Now that I have a completed block wall and sill attached, it's time to start framing up the floor. I did get most of the ledger board attached last time but ran out of daylight before getting attached to the chimney. After that it takes a doubled up rim joist, then a center joist before hanging all of the floor joists between the rim/sill and center. That's going to take a lot of hangers and pressure treated lumber.

Tapcon screws held the last piece of the ledger board to the brick chimney

Double rim joists going around the outside edge


Rim is complete

installed the flashing below the door and hung the center span

Floor joists starting to go in!
Code requires ledger lock bolts anchoring the ledger board to the house every 12", so I put those in. The block wall is freestanding (not attached to the house), so I didn't really need to follow code, but it is always a good idea to meet code when you can. I also put 4 tapcon bolts into the brick to anchor a 34" piece of the ledger board. All of the floor framing is 2x8 treated pine, including the sill. I put flashing under the door, over the ledger board. Then I used a double 2x8 joist hanger for the center span. The rim is doubled, with shorter boards on the inside perpendicular to the house. Then the front long inner rim attached to that, then the outer perpendicular board. This pattern continues, it creates a zig-zag pattern in the corners and creates something really strong and sturdy. I then used metal joist hangers on both the center span and the side rim joists (even though they were attached to the sill as well - the block wall carries the weight and the hanger is really useless) and ran the floor joists parallel to the house. This way I can run the floorboards perpendicular to the house, which I really wanted to do.
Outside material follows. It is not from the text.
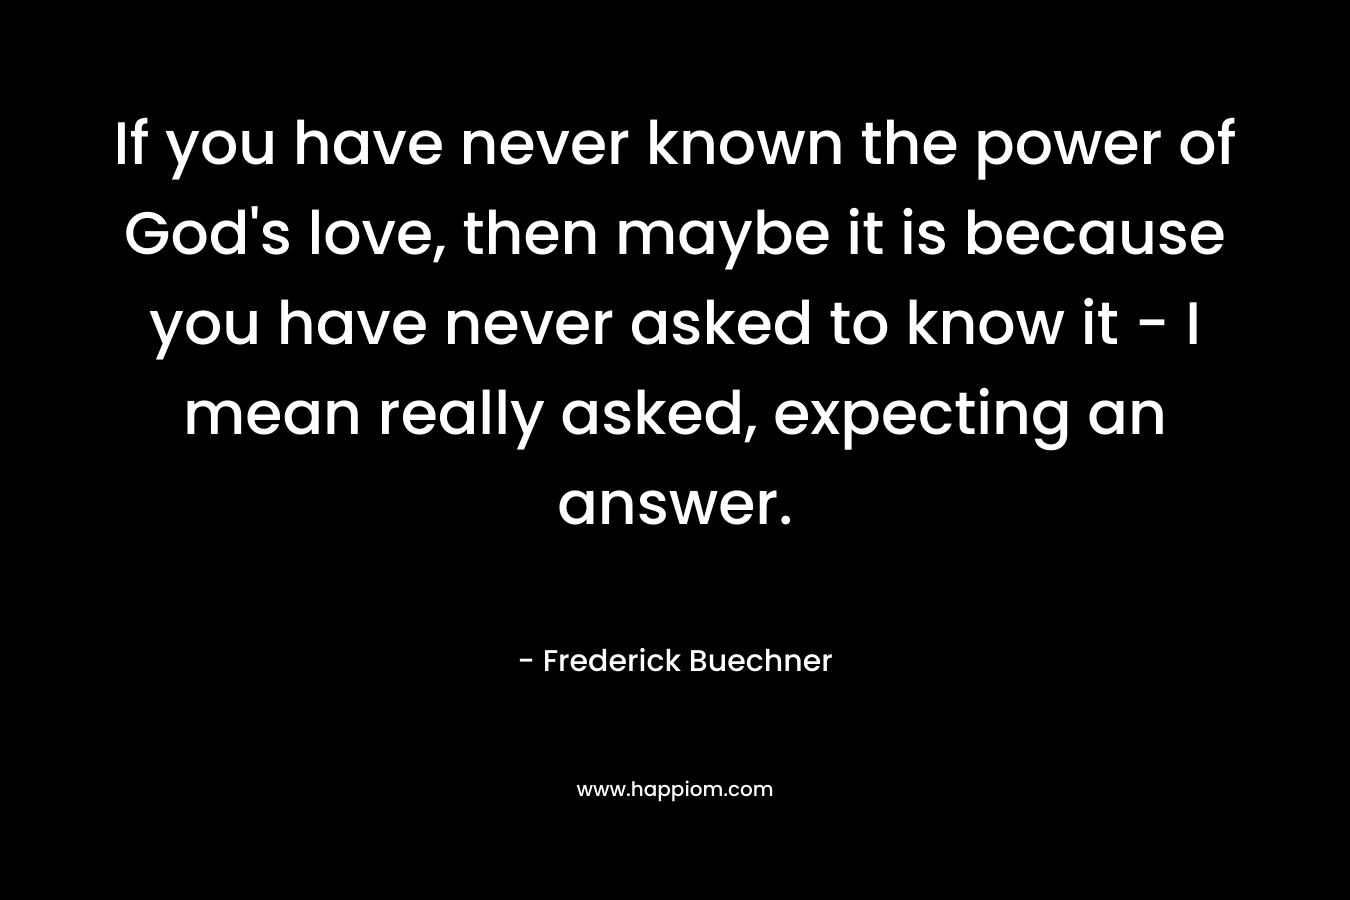 If you have never known the power of God's love, then maybe it is because you have never asked to know it - I mean really asked, expecting an answer.

Then the kids got involved

Meet Mr Bones


Kelley saying goodbye to Mr Bones

With a vapor barrier


The kids were pretty insistent on burying a skeleton under there. So whenever this floor has to be replaced, someone else is in for a big surprise!

There is a hole in the foundation that provides air access to the crawl space. Now since there is a block foundation wall up to protect that, it means that under the porch is also considered crawl space. That means I had to put in foundation vents and a vapor barrier under the framing to keep everything protected.

This whole thing started with a story stick, where I drew out the height of everything so I would know how deep to dig the trench for the foundation. This framing is the last element to give me a 3/4" gap below the door or the original floor height to know if I actually built it to the story stick.